Monthly eNewsletter from the IADC

Prioritizing Mental Health in the Energy Industry

May is Mental Health Awareness Month in the United States. Since its inception in 1949, this annual observance has aimed to reduce stigma and promote open conversations around mental health conditions. 

As defined by the Substance Abuse and Mental Health Services Administration (SAMHSA), “Mental health includes our emotional, psychological, and social wellbeing. It affects how we think, feel, and act, and helps determine how we handle stress, relate to others, and make choices.” These factors ultimately influence our relationships, productivity, and overall quality of life. 

Additionally, the Occupational Safety and Health Administration (OSHA) recognizes that mental health is “…an important component of overall wellbeing and is equally as vital as physical health for all employees.” 

The International SOS Foundation released a 2021 research study, as described in the article Mental Health Vulnerabilities for Remote Rotational Workers,” which found that 40% of the offshore and onshore remote rotational workforce surveyed experienced suicidal thoughts some or all of the time while on duty. This figure it staggering compared to the global average of 4-9%. Furthermore, nearly 1/3 of respondents met the criteria for clinical depression while on rotation. 

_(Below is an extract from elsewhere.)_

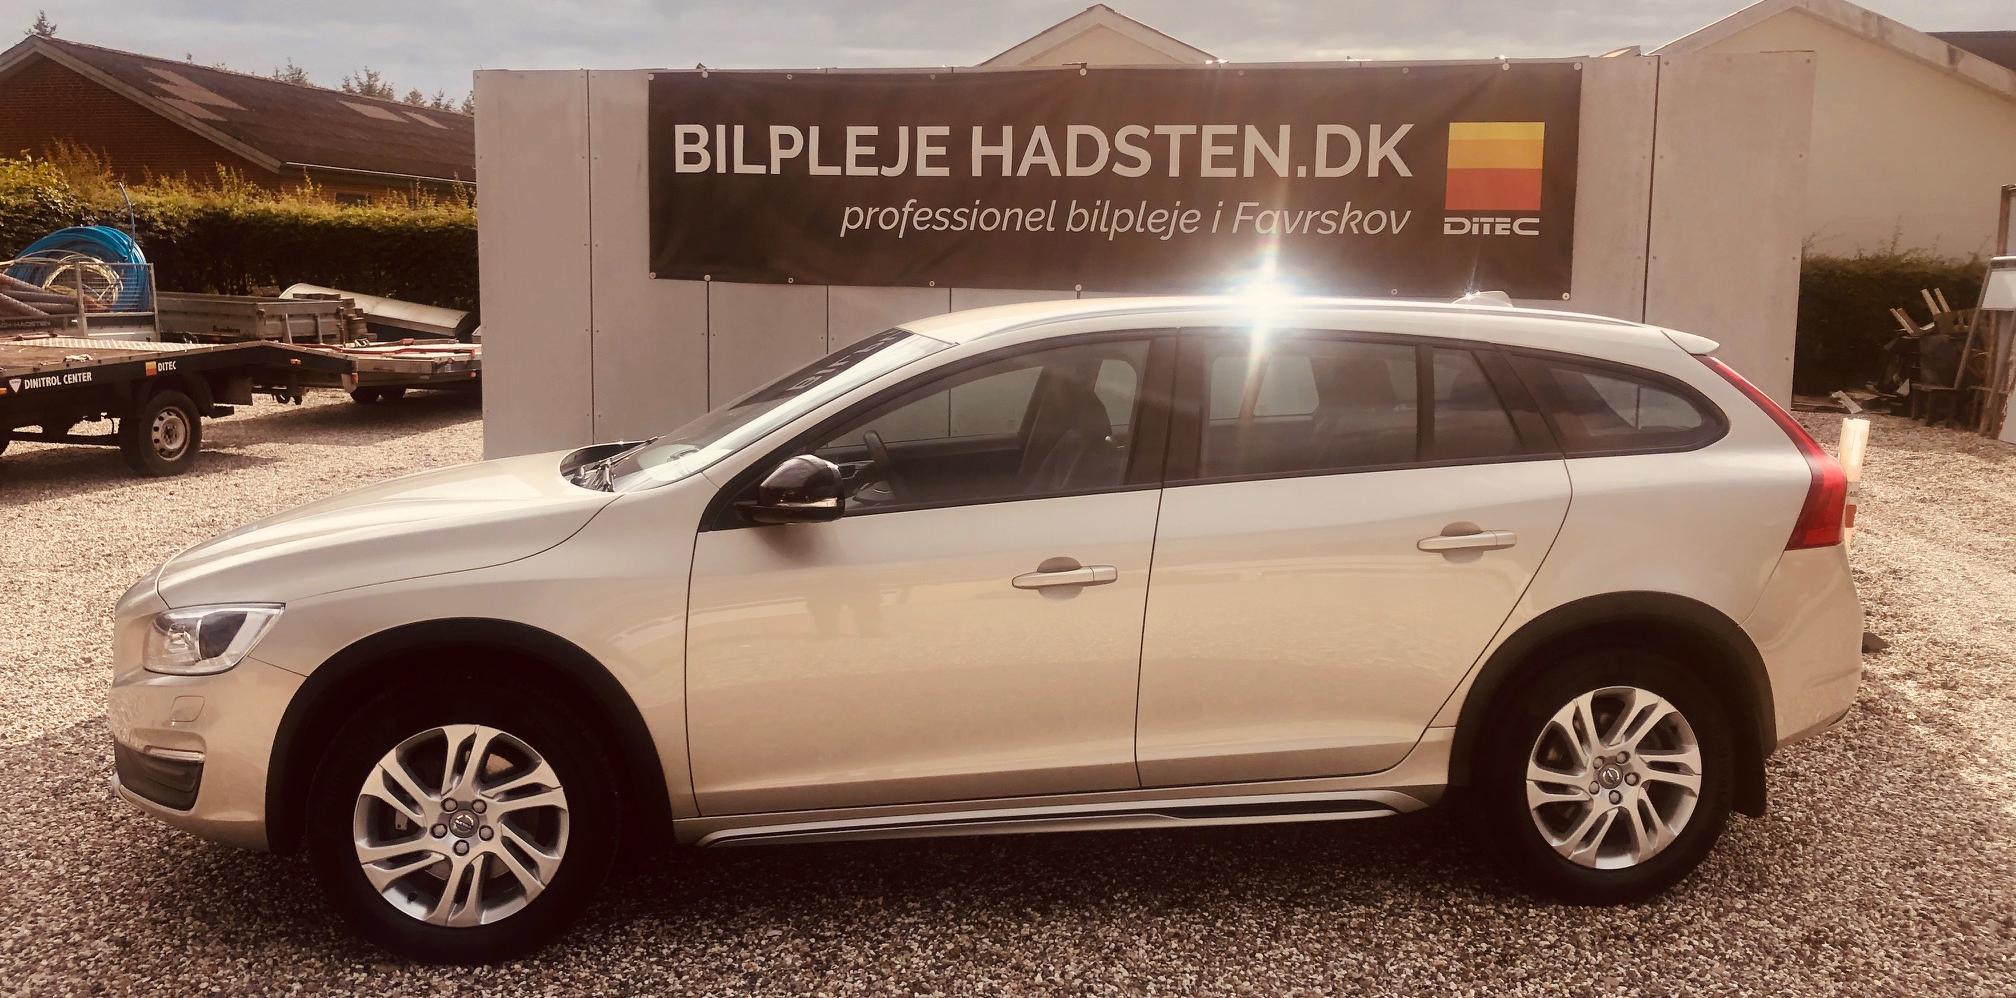 Volvo V60 Cross Country Ditec Ceramic Ultra behandlet hos Bilpleje Hadsten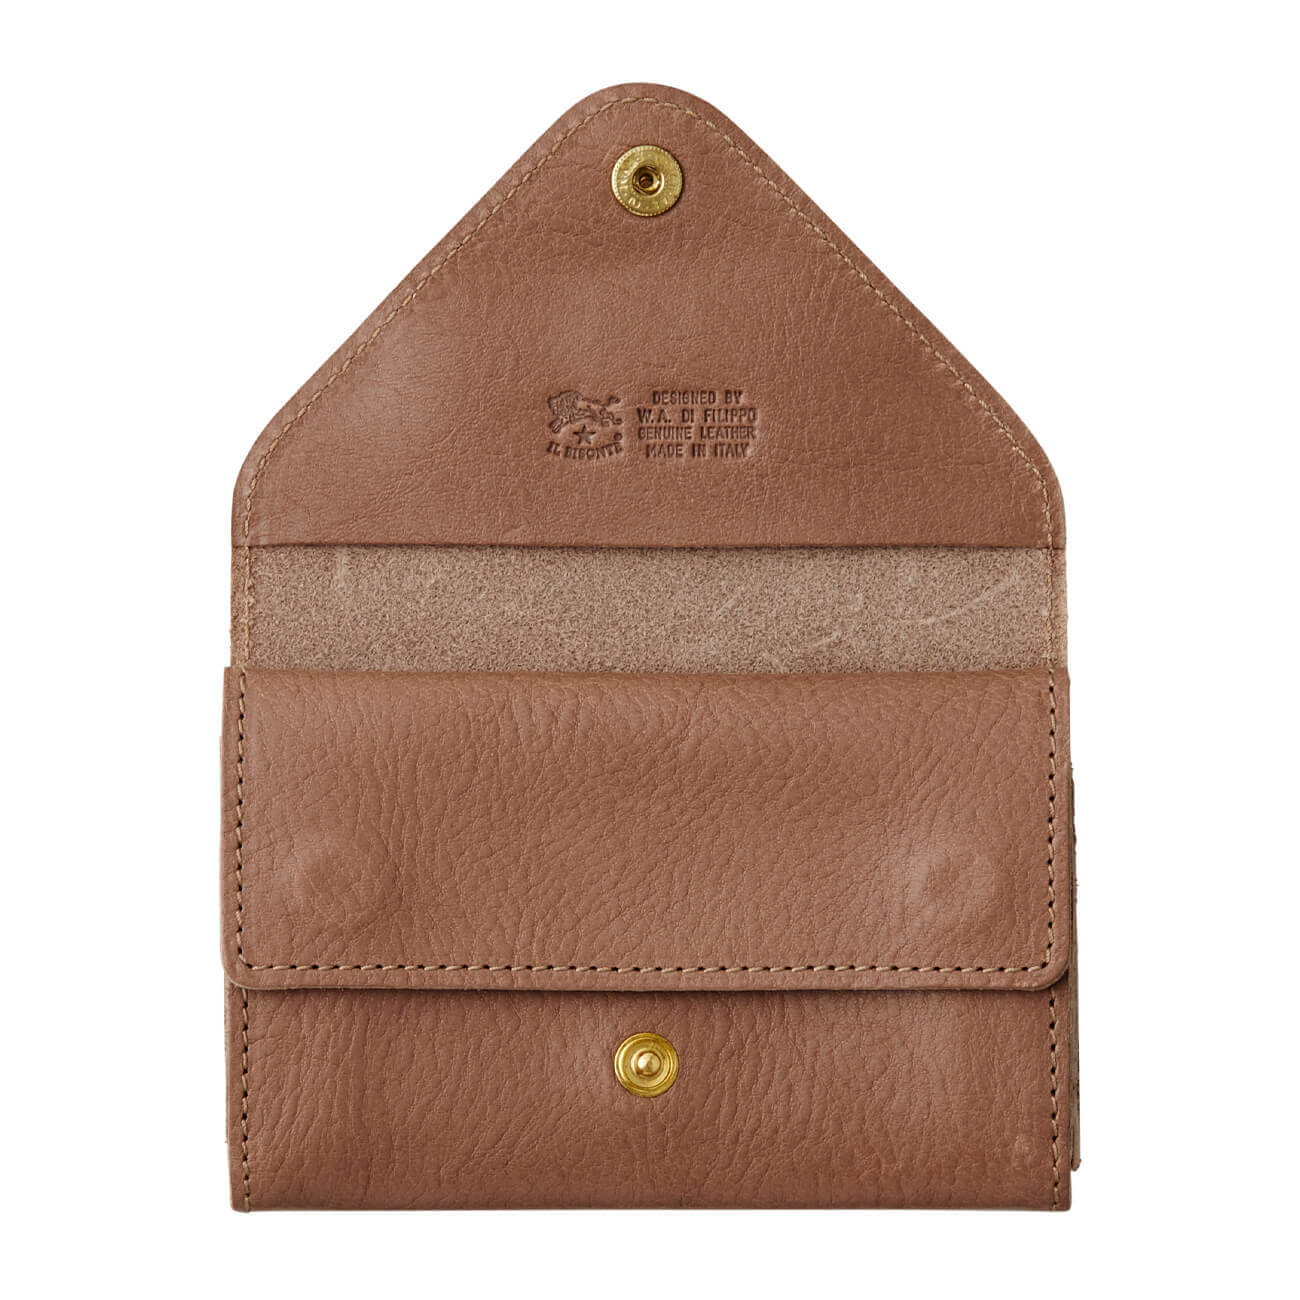 IL BISONTE (イル ビゾンテ) 日本公式オンラインストア カードケース 54192309193

A recent article from Drilling Contractor titled “Seadrill tackles employee mental health and wellbeing amid growing need for action” explains:

For employers, this can mean unhealthy employees and decreased productivity. Especially for remote rotational workers like rig crews, mental health challenges can be exacerbated by factors associated with oilfield life: the remote and isolated locations; confined work and living spaces; separation from family and friends; regular and prolonged periods away from home, to name a few.

While the energy industry has historically concentrated its efforts on physical health and safety protocols, there has been a growing recognition of the pivotal role mental health and wellness play in overall worker wellbeing and operational success. Although mental health and wellness are crucial issues in their own right, they are also inextricably linked to and greatly influence the effective implementation of physical health and safety practices. By prioritizing mental health alongside physical safety measures, companies can foster a more holistic and sustainable approach to creating a productive and resilient workforce.

Many companies and organizations are already implementing steps to prioritize the mental health of their employees. The aforementioned article in Drilling Contractor describes Seadrill’s efforts to encourage mental health and wellness among employees. These efforts include: 

  • Implementing the “BeWell Program” in 2019 focusing on four pillars: emotional/mental health, social health, physical wellbeing, and financial security (focusing on one pillar per quarter)
  • Formalizing an Employee Wellbeing Directive in 2022 to account for mental health in company policies like the Behavioral Framework, Health Policy, and Diversity Policy
  • Incorporating mental health into the overall company strategy
  • Supporting employee participation in the “RigRun” global program to promote physical activity and social bonding among offshore crews
  • Standardizing psychosocial surveys across global operations in 2023 to collect data on employees’ mental and physical health to design targeted wellbeing programs
  • Emphasizing the importance of frequent and consistent communication about mental health topics to create an open dialogue and community around wellbeing
  • Encouraging senior leaders to share personal stories and role-model wellbeing behaviors to promote mental health awareness authentically within the organization

Another article by Drilling Contractor, “Drilling Ahead: Companies can drive success, add value by embracing neurodiversity,” discusses the concept of neurodiversity, which explains that people’s brains are wired differently, leading to variation in how they experience the world and social interactions. The article provides guidance on creating a neuro-inclusive workplace, such as encouraging self-identification, making adjustments, focusing on results over process, avoiding assumptions about behaviors, and accepting neurodivergent traits. Recognizing and embracing neurodiversity can lead to greater employee wellbeing by creating safe and inclusive environments where they’re encouraged to show up as themselves, which ultimately benefits and adds value to the company as well. 

IADC’s North Sea Chapter has been spearheading a cultural shift in how industry faces mental health challenges through the Mental Health in Energy Initiative. Efforts include drafting a white-paper on the subject, hosting a workshop with roundtable discussions, and creating and garnering support for “The Mental Health and Well-Being Charter.” In the next phase of development, as explained in an article by Energy Voice, the IADC North Sea Chapter plans to team up with other organizations to create a survey and asses the mental wellbeing among the North Sea workforce. 

As the industry continues to explore mental health and wellness in the workplace, a mindset of compassion, flexibility, and inclusivity will be crucial. There is no one-size-fits-all solution, as the needs and experiences of each worker and workplace are distinct. However, by remaining open, educating ourselves, and taking incremental steps, we can collectively build workforces and work environments that prioritize the complete wellbeing of all.